Comprar una segunda vivienda con hipoteca es perfectamente posible, pero las reglas cambian: menos financiación, plazos más cortos y una lupa mucho más fina sobre tus números. Aquí tienes los requisitos reales —los que aplica la banca en la práctica, no solo los de los folletos— y cómo se calcula tu capacidad cuando ya estás pagando una hipoteca.
¿Qué requisitos pide el banco para la hipoteca de una segunda vivienda?
La banca financia normalmente entre el 60% y el 75% del menor de dos valores —tasación o precio de compraventa—, a un plazo máximo de 20-25 años, y exige que todas tus cuotas, la hipoteca actual incluida, quepan en el 30-35% de tus ingresos netos. Traducido: necesitas una entrada del 30-40% del precio, más gastos.

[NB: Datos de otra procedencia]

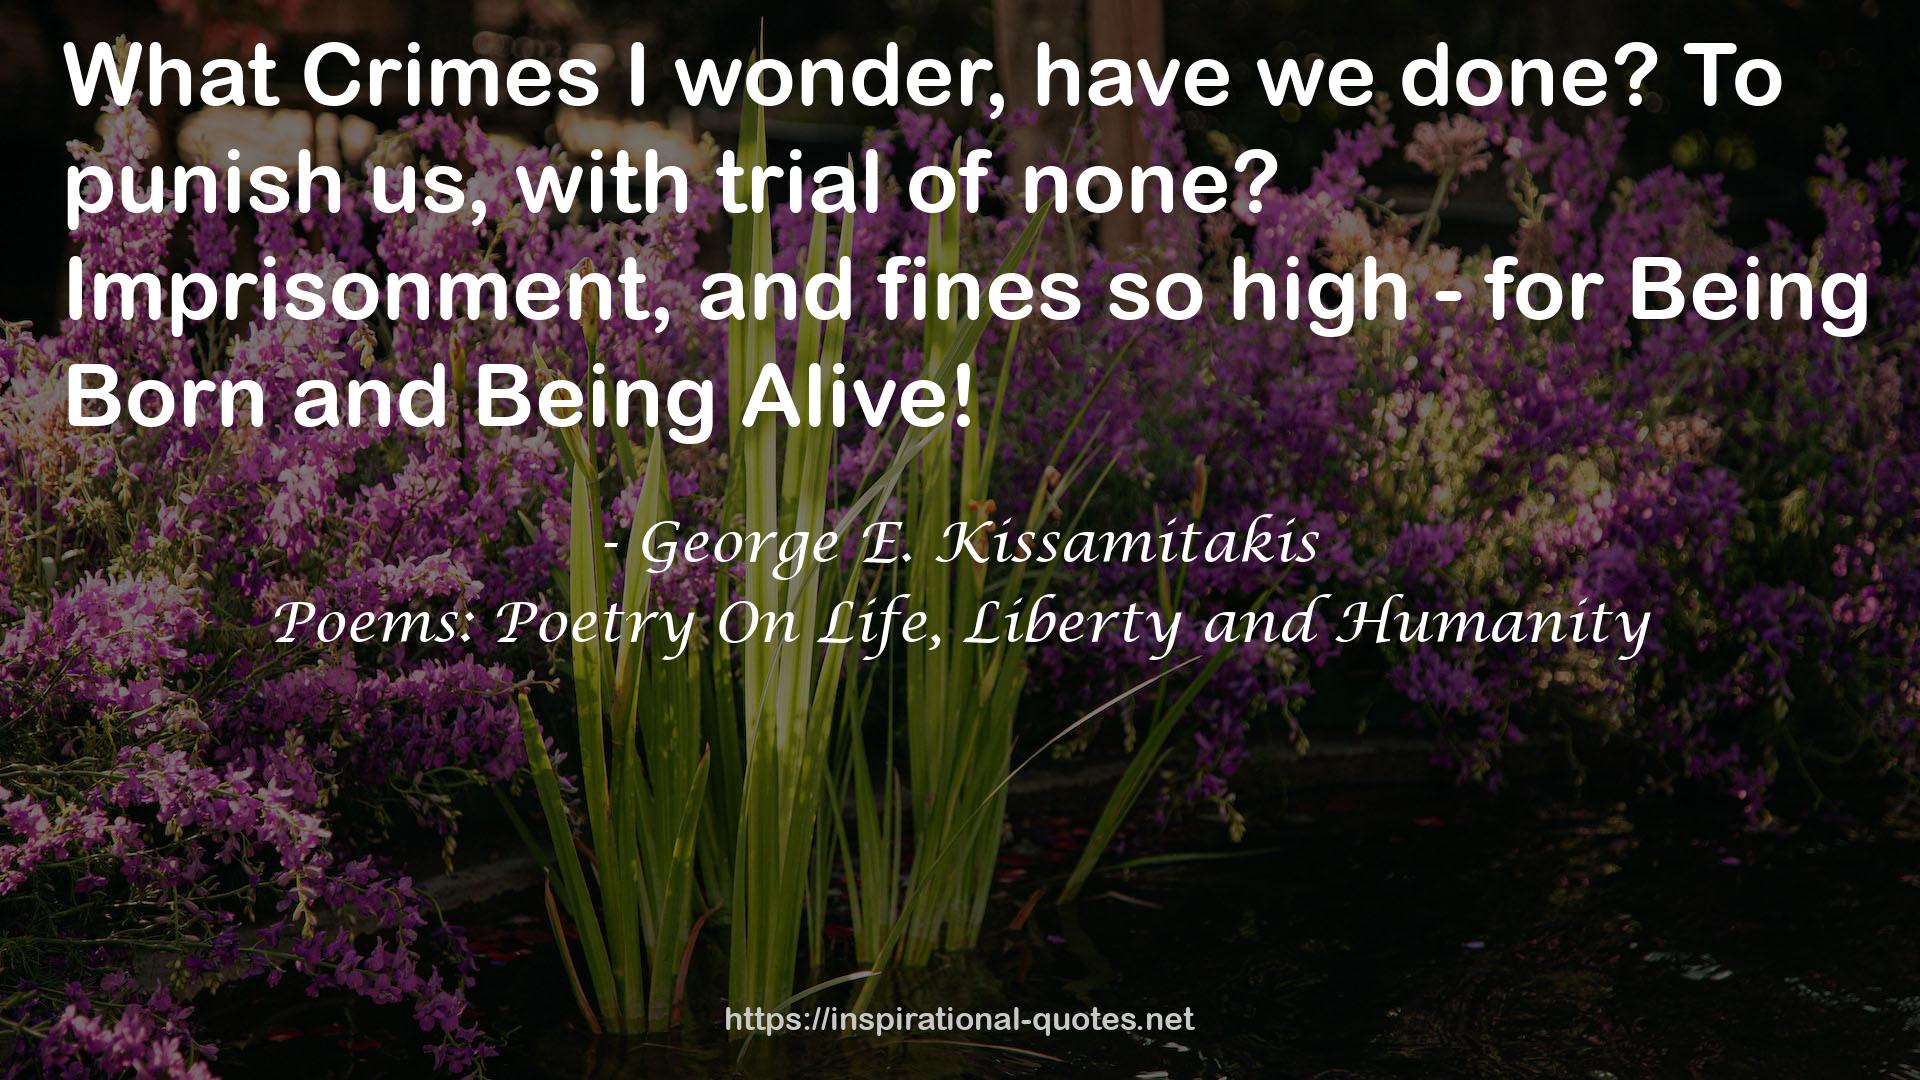 George E. Kissamitakis QUOTES

| Criterio | Vivienda habitual | Segunda vivienda |
|---|---|---|
| Financiación máxima habitual | Hasta el 80% | 60-75% (más solo en perfiles muy solventes) |
| Base del cálculo | Menor entre tasación y compraventa | Igual, con tasaciones más prudentes en zonas turísticas |
| Plazo máximo típico | Hasta 30 años | 20-25 años |
| Ratio de endeudamiento | 30-35% de los ingresos netos | Igual, pero sumando la cuota de tu hipoteca actual |
| Ahorro necesario orientativo | ~20% + 10-12% de gastos | ~30-40% + 10-12% de gastos |
| Perfil exigido | Estabilidad e historial limpio | Lo mismo, con margen sobrante y colchón tras la compra |
Un matiz que casi nadie subraya: estos límites no están escritos en ninguna ley. El 70% de financiación o los 25 años de plazo son política de riesgo de cada entidad, no una norma del Banco de España. Por eso dos bancos pueden responder cosas distintas al mismo dossier, y por eso la horquilla es tan ancha: el resultado depende de tu perfil, de la operación y de las garantías.
¿Por qué la banca es más dura con una segunda residencia?
Porque las crisis anteriores le enseñaron dos cosas: cuando una familia tiene problemas, deja de pagar antes la segunda vivienda que la habitual; y una casa de playa o de pueblo es más difícil de vender —y a peor precio— si la entidad tiene que ejecutarla.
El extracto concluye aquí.